Review of The Women’s War
The Women’s War is one hell of a story. Based on a society where women are considered second-class citizens, if they are lucky, this is the story of revolution led by two extraordinary women.
Alysoon Rai-Brynna is a widowed mother of two and daughter of a king. When her father divorced her mother in favor of a more politically advantageous marriage, Alys and her brother were declared illegitimate. And her mother became an Unwanted, sentenced to life at the Abbey.
Princess Ellinsoltah of Rhozinolm will become queen when the two most likely male candidates to the throne would most like cause a war. The plan: after her year of mourning, Ellin will take a husband who will then become king. Or so her council thinks.
These two women will become the pivotal characters who react and overcome so many obstacles thrown at them in the aftermath of the world-altering spell.
The story is complex and so many characters lives are intertwined it is impossible to represent all of that here in a review. So I will pick and choose a few characters…
Crown Prince Delnamel (half-brother to Alys and Tynthanal) is the villain to boo at every time he turns up. Occasionally, he seems to have a teeny tiny bit of heart, but don’t let that fool you. There is one horrible scene where Delnamel arrests three senior abigails and then allows his men to rape the women of the Abbey. My heart ached at the scene, but it a critical event that changes the raped women in such a way that those men will have cause to regret.
Tynthanal, brother of Alys and lieutenant commander at the Citadel, escorts the women of the Abbey to the wasteland to their new home. It is because of him that the women discover the new Well of magical elements. Thus Women’s Well was founded. Tynthanal is one of the few male feminists in the book.
Semsulin, is the lord chancellor and head of the royal council of Rhozinolm. He is the man who talked Ellin into taking the crown. His motives are not entirely clear, though as the book goes on, he seems to support Ellin more and more. I think he only wants what is best for the kingdom and that is a difficult thing to determine.
In a society where only men are allowed to use magic, it will come as quite a shock when those men learn that women are not only able to use magic in many ways, but they are also quite good at. If they don’t make room for women as equals, they will loose. Take as much of that as you wish as a commentary on any aspect of women’s history in our own world.
The cover by Elizabeth A.D. Eno, is beautiful and inciteful and truly represents the story. Ms. Eno must have read the book before she crafted her cover.

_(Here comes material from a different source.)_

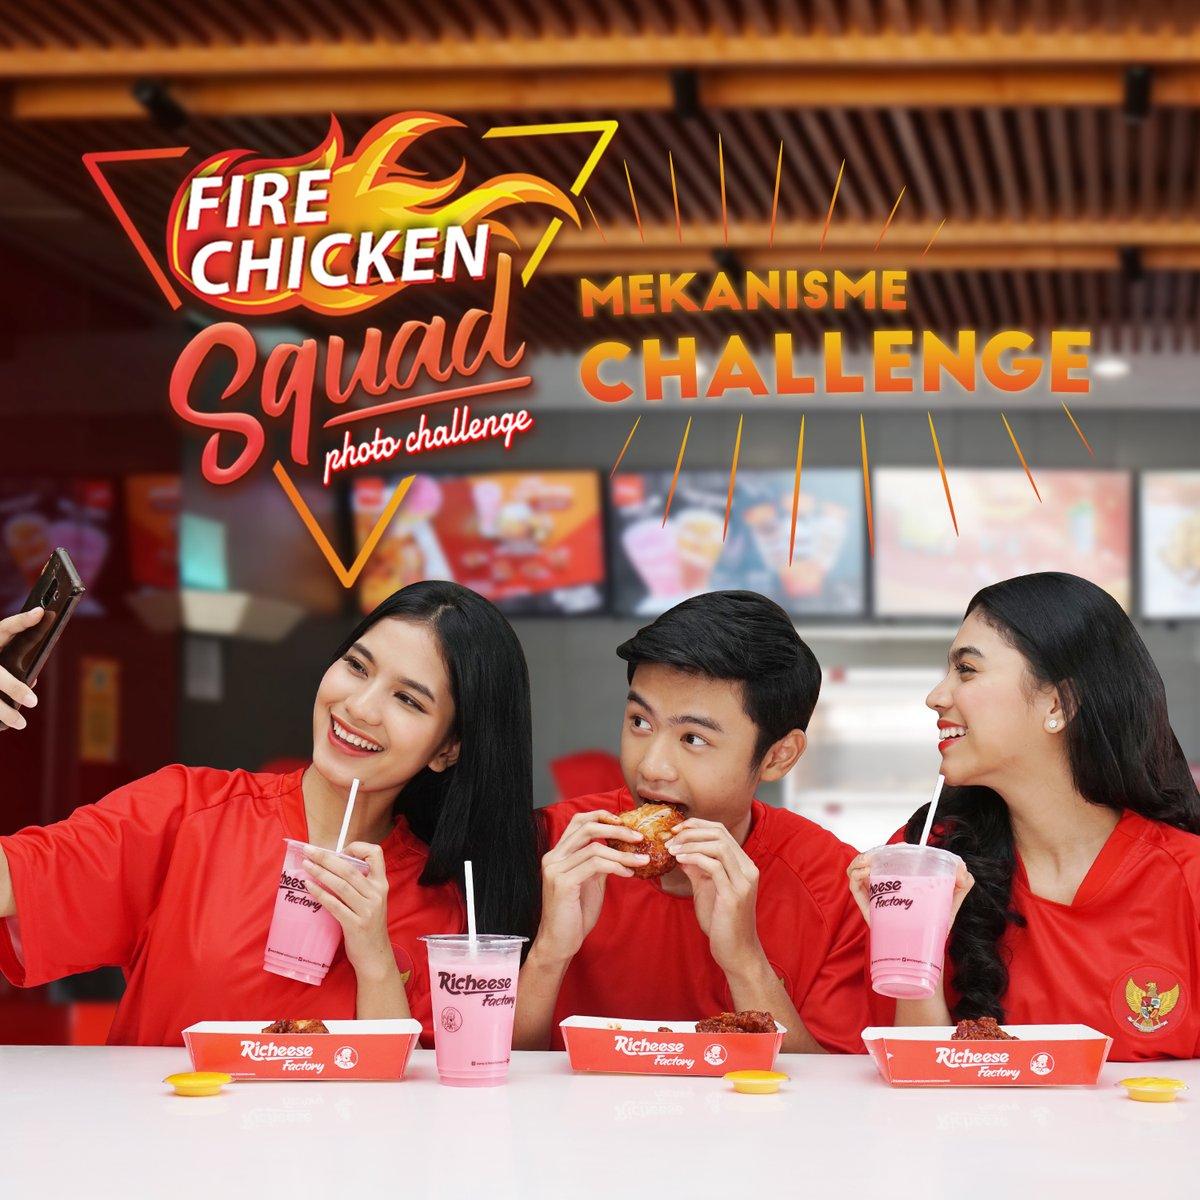 RicheeseFactory - Promo Makan 1 Tahun Ikutan Fire Chicken Challenge (s.d 16 Des 2018)

The Women’s War is 560 pages long according to the published page counts. You would think 560 would be enough to tell a story. It isn’t. Be prepared for a huge cliffhanger. The only characters whose stories are resolved are the ones that died. The description on NetGalley gave no indication that this was the first book of a series. The Women’s War gets 4 stars from me, losing one star due to the gigantic cliffhanger. (I may have thrown a fit when I finished the book. I don’t remember. It is all kind of fuzzy.) But if I was the type of reader who didn’t mind cliffhangers, I would give it all 5 stars.
Heartbreaking, hopeful, magical and emotional. The Women’s War truly is an amazing story.
Here is a quote from the book. It was said by Alys’s mother, right before the world upended:
Something is going to happen tonight. Something … momentous. Something that will change the world in ways I can’t entirely foresee.
Through Netgalley, the publisher provided a copy of this book in exchange for my honest review.